For that reason, PR #2876
introduced a CTxMemPool::check() method, which asserts many of the
mempool’s invariants. Later, PR
#5267 extended those checks.
The checks are computationally expensive, so the -checkmempool command
line option can control how frequently they’re run. By default, mempool
checks are always disabled for mainnet, signet and testnet nodes, and always
enabled for regtest nodes.
Did you run the bench tests before and after the changes to
CTxMemPool::check()? Were your results the same as reported in the PR?
Is it important for these checks to be fast? Why/why not?
What does the UpdateCoins() function do? What is it replaced with in
this PR?
What was waitingOnDependants used for before this PR? Explain what
this while
loop was doing. Why can it now be removed?
How does the GetSortedDepthAndScore() function work? Why does the
returned vector not contain any descendants before their ancestors?
GetSortedDepthAndScore() uses the CTxMemPoolEntry’s cached ancestor
count to sort the transactions. What would happen if those cached values
were incorrect?
<larryruane> If this check is enabled via `-checkmempool`, does that mean the check code runs on each and every modification to the mempool? I would think that's too much for mainnet (even with these improvements)
<jnewbery> larryruane: I agree that running on mainnet is probably not what we want to do. Even with the performance gains, I think it'd add too much load (and we maybe don't want to be adding asserts to nodes running mainnet)

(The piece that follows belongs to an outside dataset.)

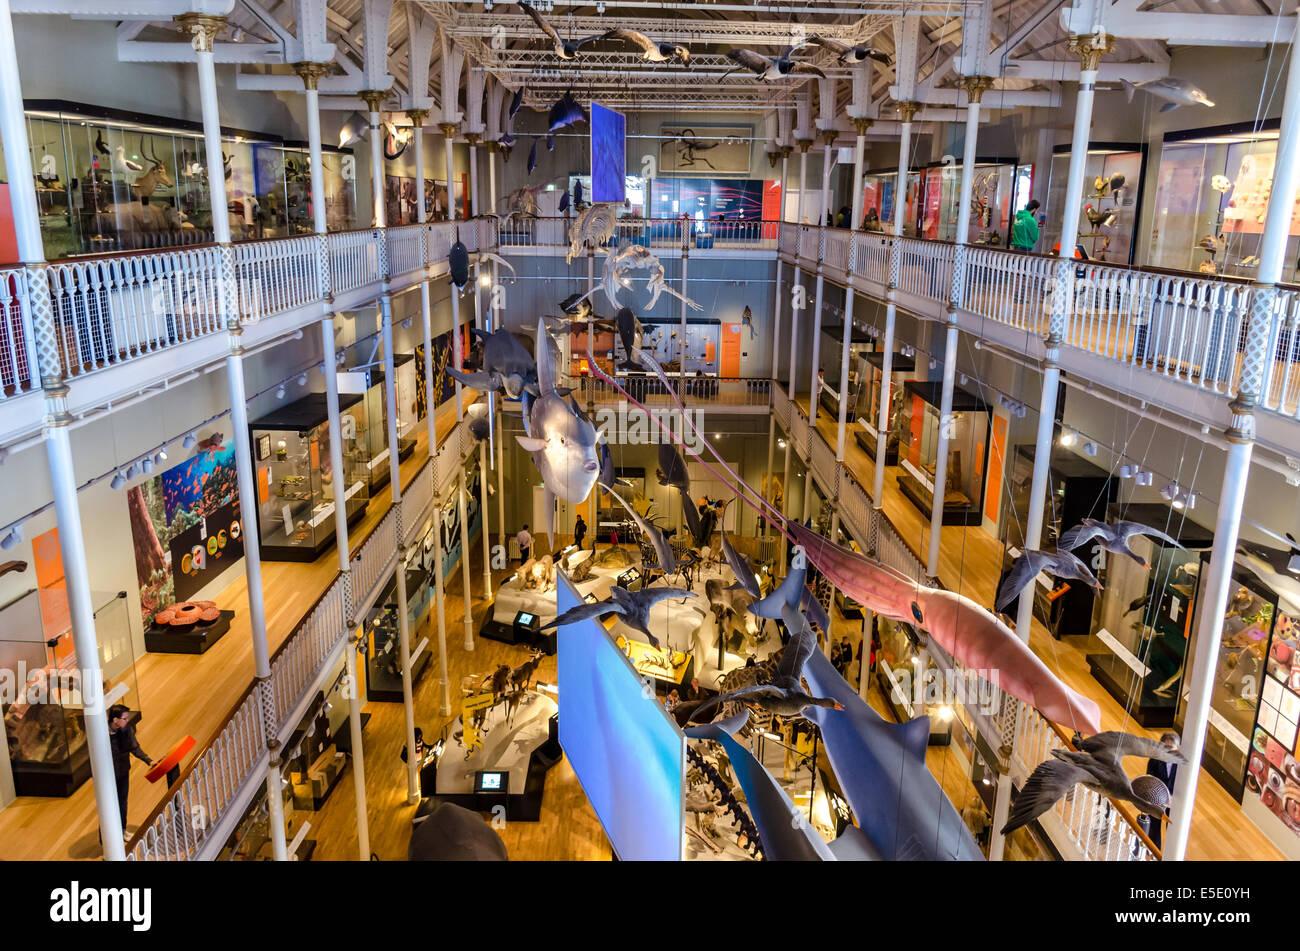 Edinburgh Natural Science Museum

<jnewbery> It's actually only called in two places from net_processing, and once in validation. If you grep for ".check(" or ">check(" you'll find them
<jnewbery> theStack: correct. And the other one in net_processing is after processing an orphan transaction. The call from validation is at the end of ActivateBestChainStep()

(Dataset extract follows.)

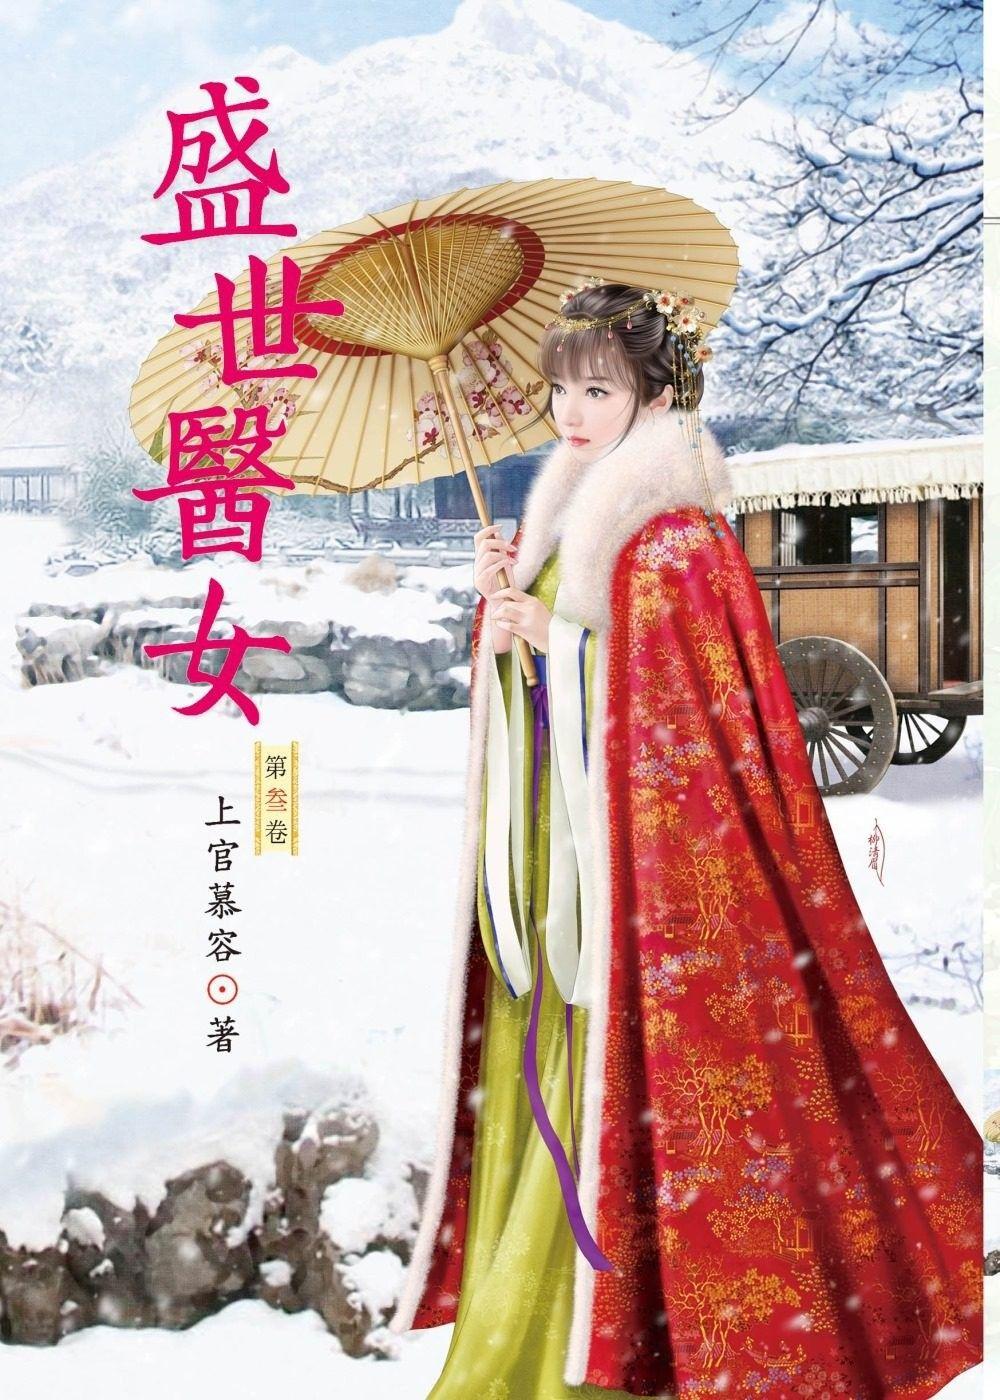 Ghim của Yi trên Girl illustrations Hình ảnh

<jnewbery> Did anyone try running the functional tests? I wonder if these changes make any difference to runtime (possibly not, since the mempools in the functional tests are mostly empty)
<jnewbery> check() is iterating over the entries in mapTx, which may be in any order. Say my mempool contains 5 transactions A -> B -> C -> D -> E. What's the worst order they could be in?
<jnewbery> right, so in the first iteration, we'll go through all the transactions and add (E,D,C,B) to the waitingOnDependants list, and then verify A
<jnewbery> then in the while loop, we'll iterate over E,D,C and process B, then iterate over E,D and process C, and so on, then iterate over E and process D, and finally process E.
<KaizenKintsugi> I will guess the amount of dependents, I read in the git comments that we want to sort by "topological order" but I dont know what that means
<jnewbery> raj: sorting by ascending ancestor count gives a partial ordering. The output of the topo sort is a total ordering that doesn't violate any of the partially ordered pairs
<jnewbery> We've mostly done the next question, but perhaps someone could add some more detail. How does the GetSortedDepthAndScore() function work? Why does the returned vector not contain any descendants before their ancestors?
<theStack> hope to not being to off-topic, but any specific reason why the hash value is included as third criteria for sorting? i can't think of a scenario where this really matters
<jnewbery> ok, final question. GetSortedDepthAndScore() uses the CTxMemPoolEntry’s cached ancestor count to sort the transactions. What would happen if those cached values were incorrect?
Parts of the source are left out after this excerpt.